Aye Crumble!

Apple Crumble and Custard

A Faithful Friend

Today’s post is for my Brother Out-Law (since the Big Guy and I are not married, otherwise he would be my in-law!). Whenever I need a relatively simple dessert, that I can ย make up quickly, but that can sit in the oven while we eat a main course, I always fall back on a crumble. Good, comforting, and a great way of using up fruit if you find yourself with a glut; or if you were tempted at the market, but now they are sitting there looking sad, and you need something to use them up with.

I made a pear and apple crumble for the Big Guy’s sister and her family for just such an occasion over Christmas. They asked if I would be blogging the recipe. At first, I resisted, because it is a common dessert. Except, it is a common British Dessert (and in the US, where it is called a Crisp, for reasons I am unable to fathom). It was quickly pointed out that a lot of different people read my blog, including my Swedish family, and they may not think it that common. So, I relented, and here is my version of crumble.

Let’s be honest, crumble is never going to be fine dining, but it is always a great dish to have as a standby for when you need to serve up a tasty dessert.

You can, and probably should, serve a crumble with ice cream, custard or pouring cream.
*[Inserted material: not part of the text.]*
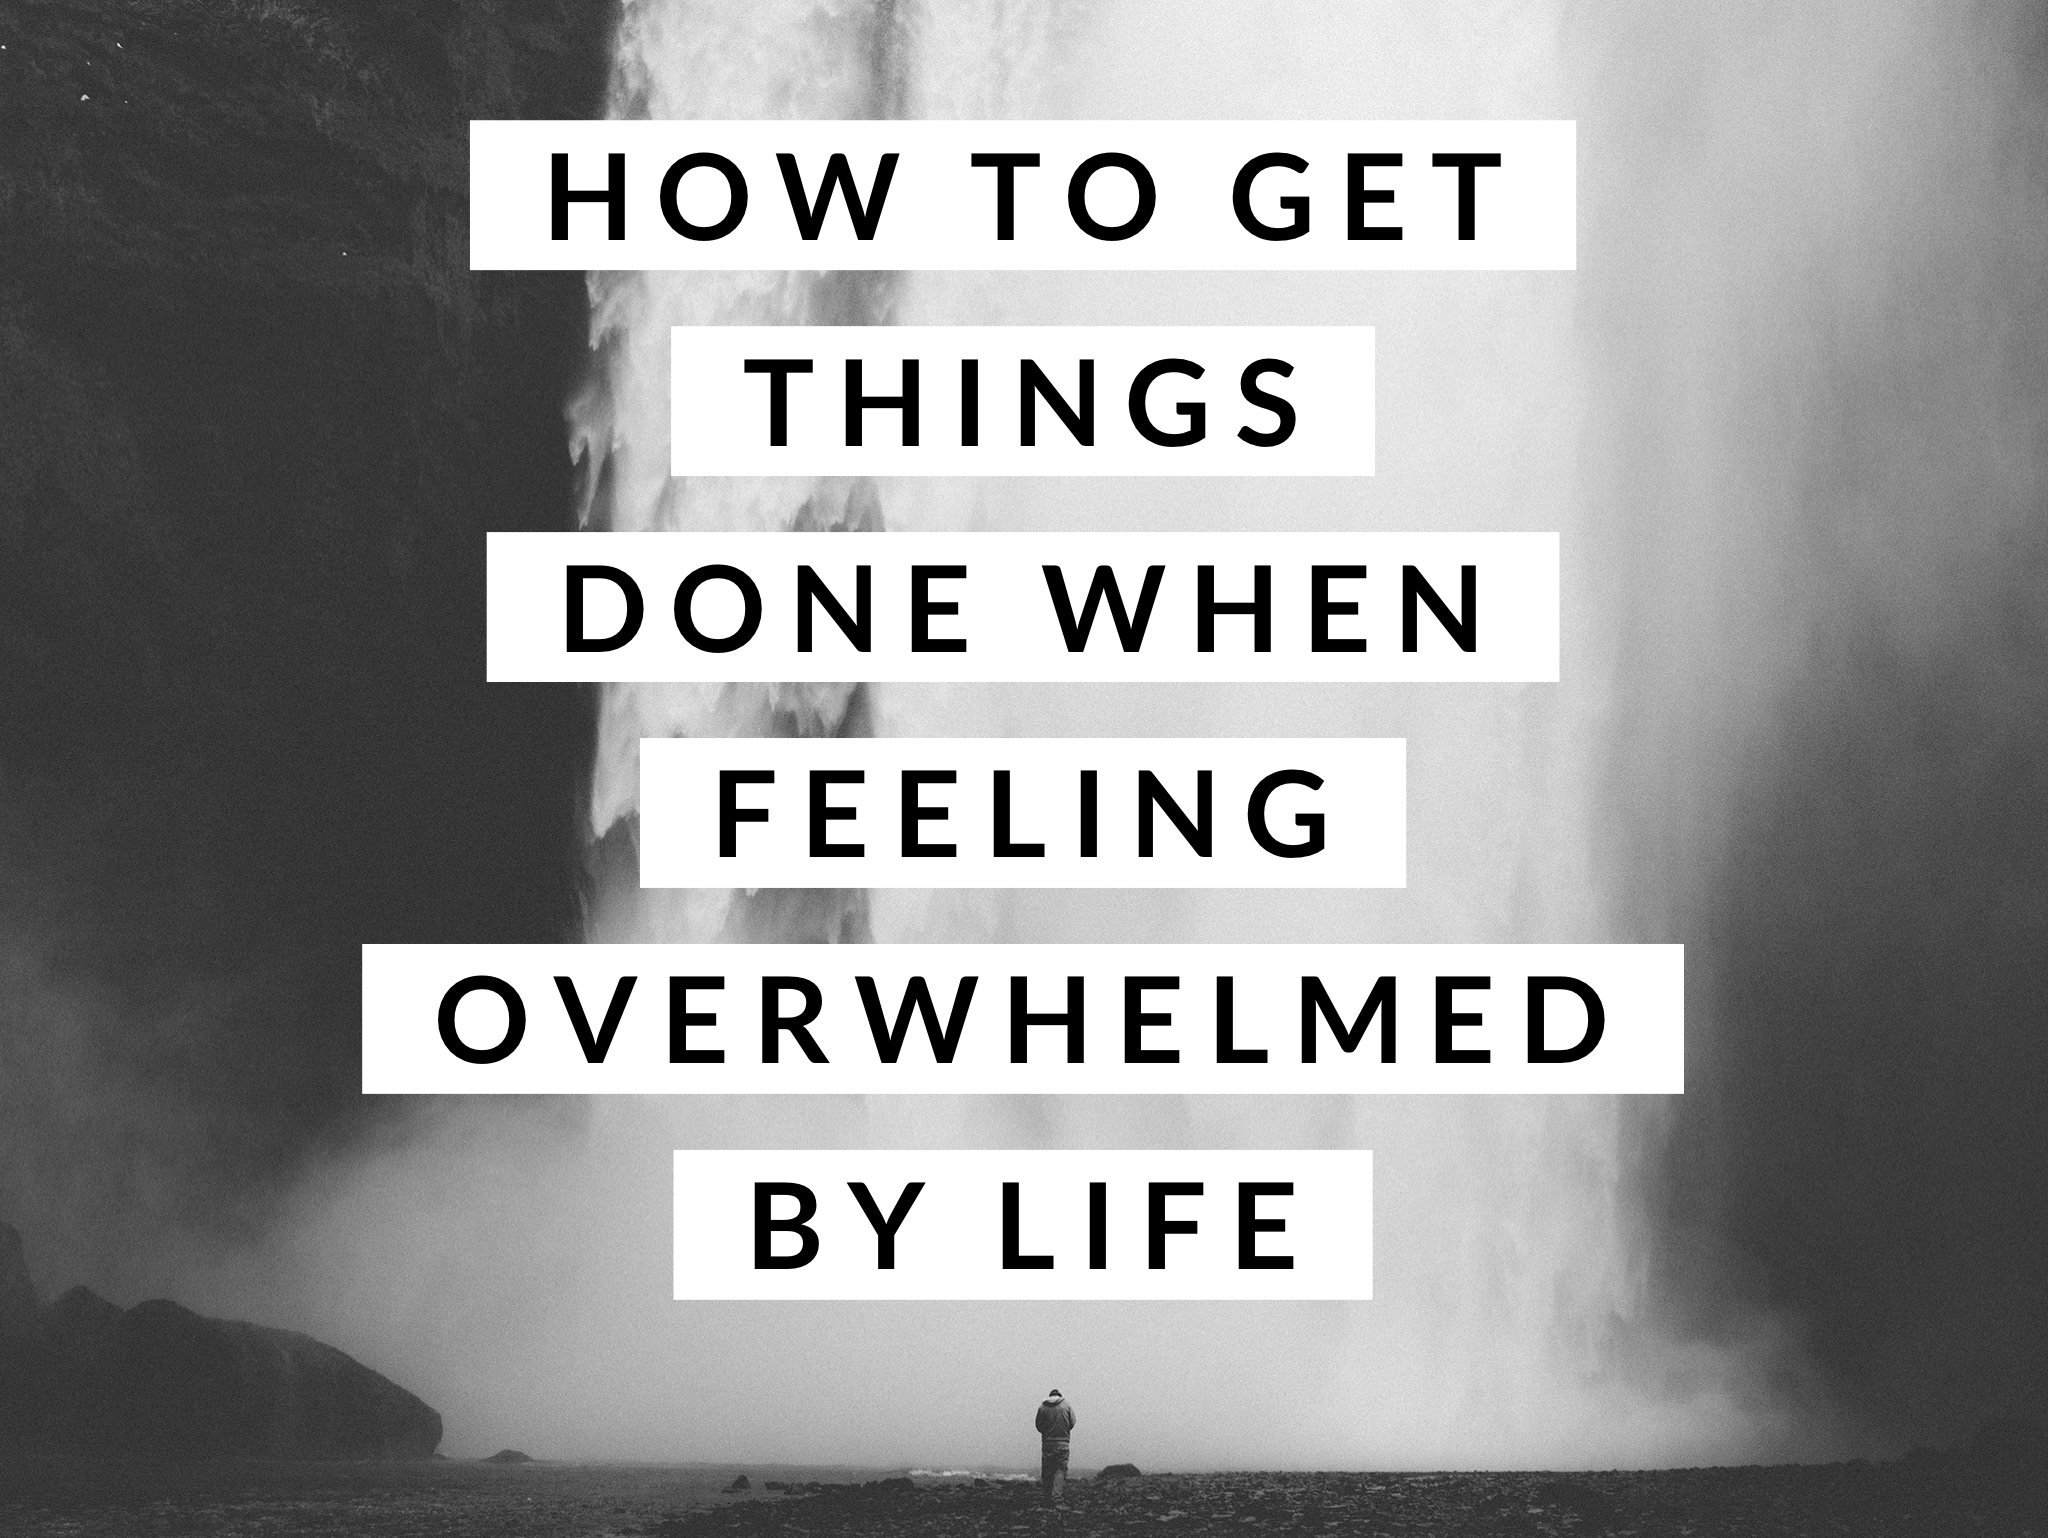 How To Get Things Done When Feeling Overwhelmed By Life

I served this one for dessert after the Beer Can Chicken with some warm, thick custard that I made up using my usual custard methodology. This may have been served in the Netherlands, but you really can’t get more British than that.

Made with Love Mondays

Since I always make crumble and custard from scratch, and always with a lot of love, I’m going to add this to this week’s Made with Love Mondays, hosted by Mark at Javelin Warrior. I haven’t joined this in quite a while, but I always enjoy the posts.

Ingredients
For the crumble:
120 g plain flour
40 g cold butter
50 g rolled oats (you may need a bit more if you use cut oats, for texture)
50 g nuts, roughly chopped
3 tbsp demerara sugar
Fruit of your choice
Butter to grease the dish and dot on the top of the crumble
For the custard:
2oo ml double cream
150 ml milk
1 vanilla pod
4 egg yolks
65 g caster sugar

Method

Rubbing in the Flour and the Butter

Rubbing in the Flour and the Butter

Make the crumble mix. Cut the butter into small cubes, and add to the flour and then rub into the flour, using your fingers and thumbs. Keep going until they look like fine breadcrumbs.
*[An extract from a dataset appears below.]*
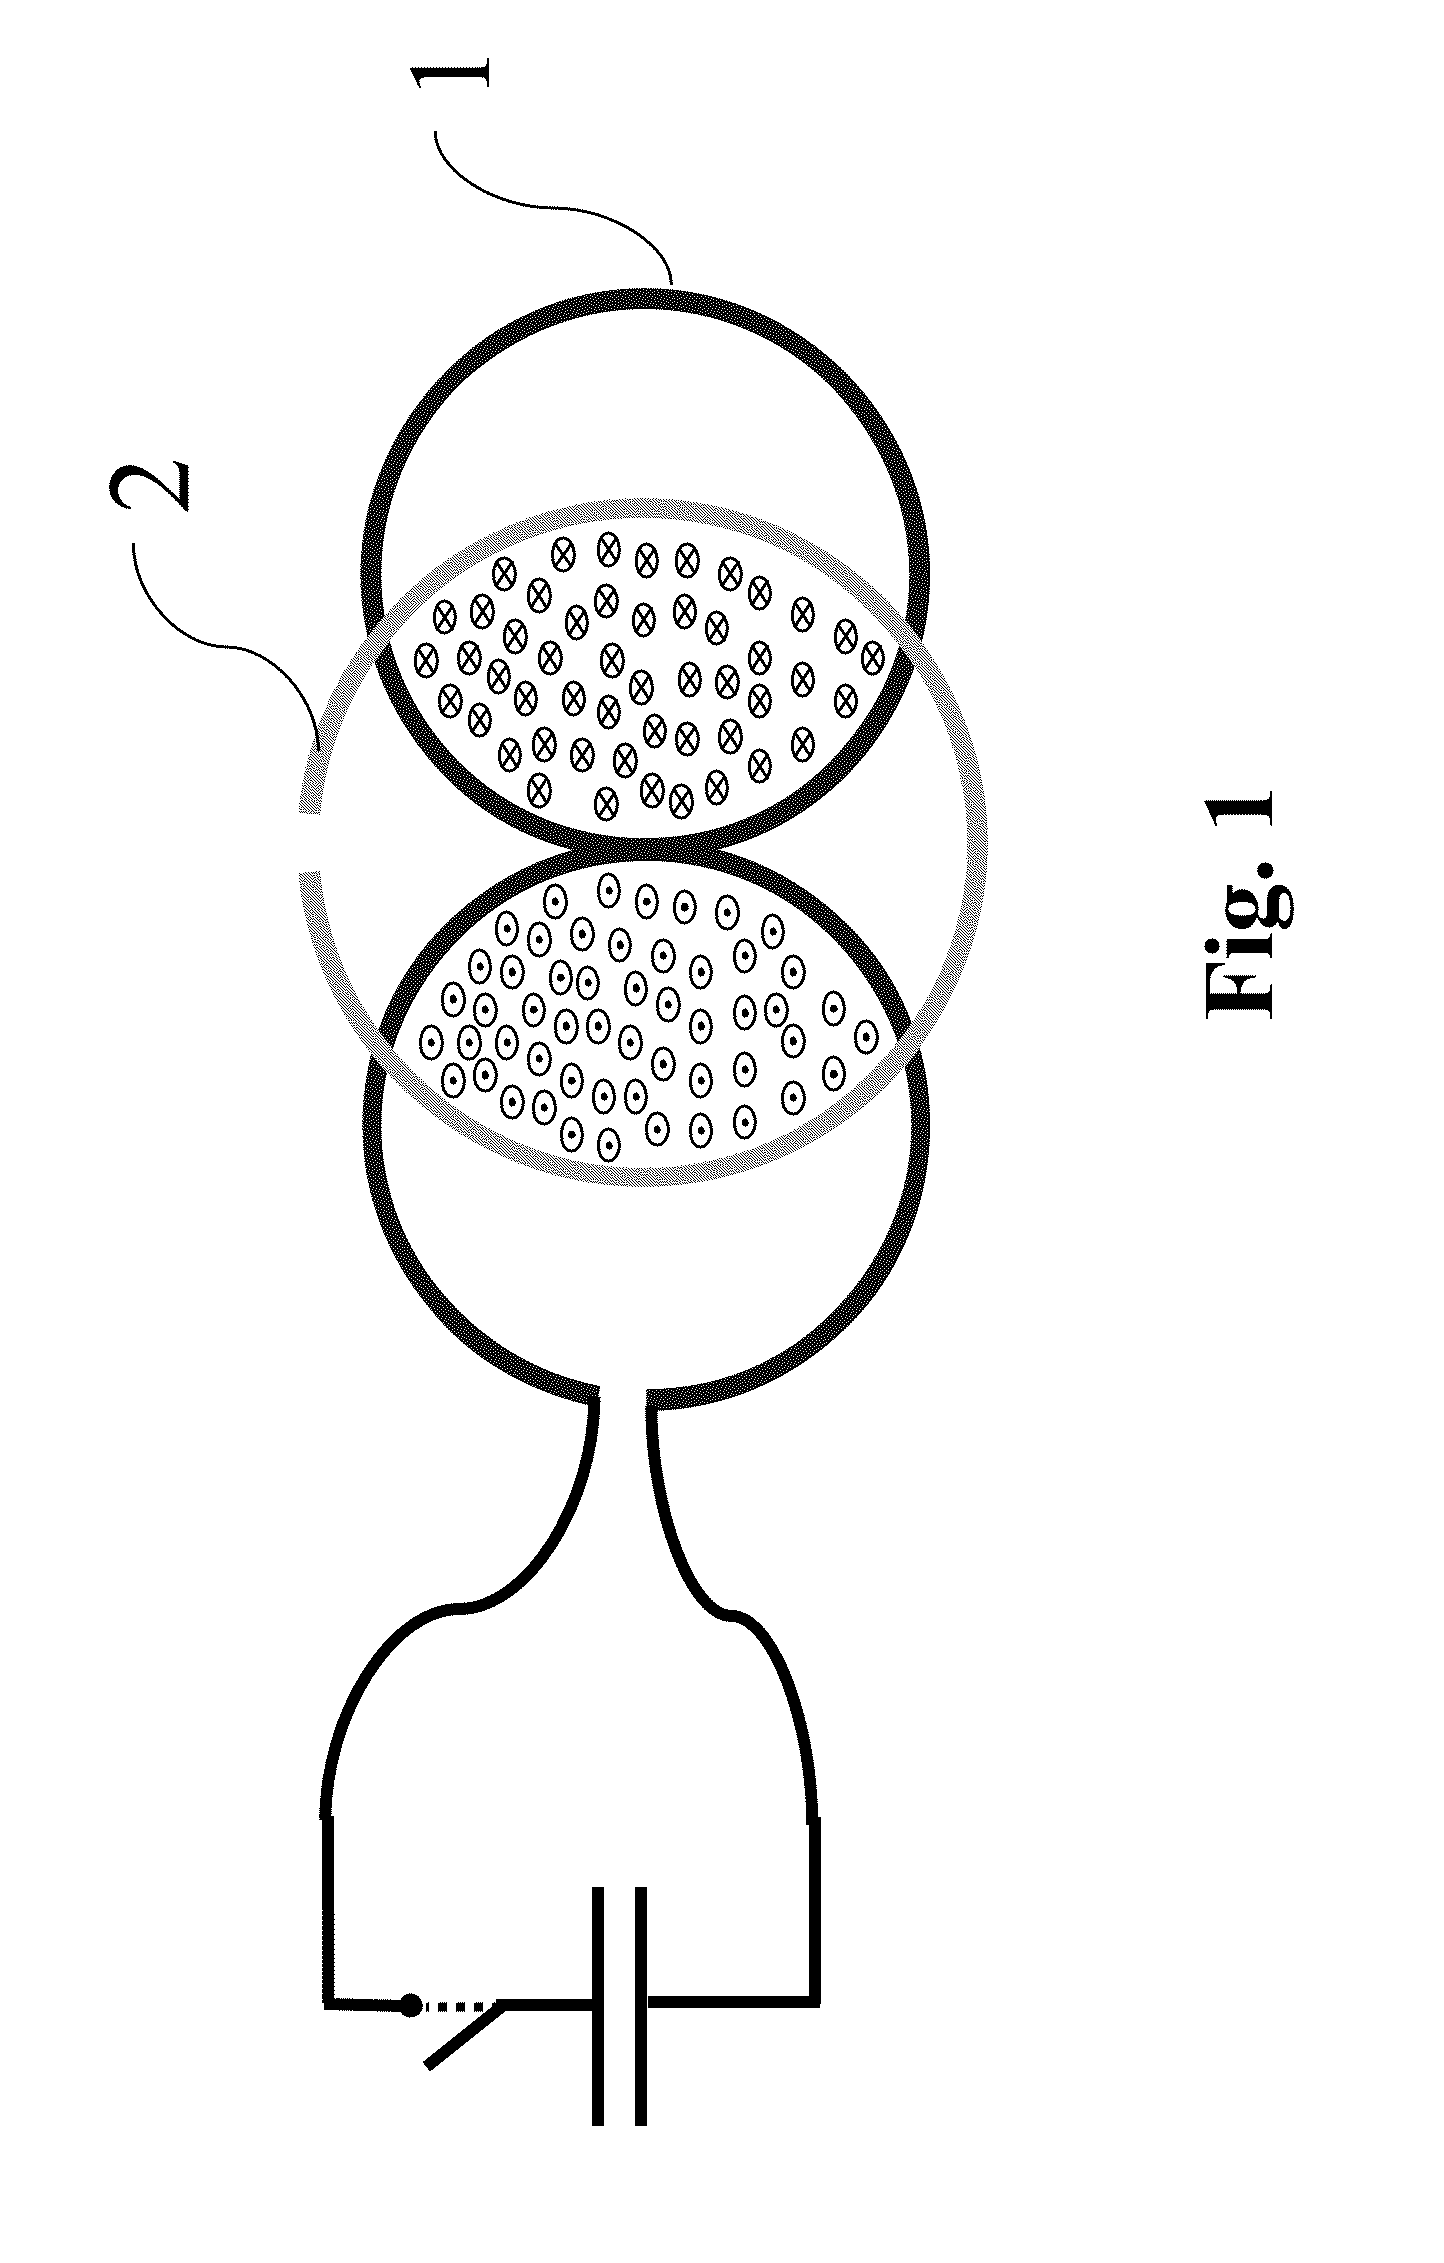 Magnetic stimulation coils with electrically conducting structures

Flour and butter at the fine breadcrumb stage

Stop When the Mixture Looks Like This

You can use rolled or cut oats in this mix, but since their inclusion is as much about texture as they are about flavour, you will need more if you use cut oats.

Roughly chopped nuts

Roughly Chopped for Texture

You can also use whatever nuts you like, or leave them out altogether if you prefer. I have happily used whole almonds, blanched, or flaked, hazelnuts and macadamia nuts. I’ve also used pumpkin seeds, although these burn a bit easier than nuts. I’m confident that walnuts, pecans or brazil nuts will work just as well. They do not top my list of favourite nuts, so I rarely have them in the house.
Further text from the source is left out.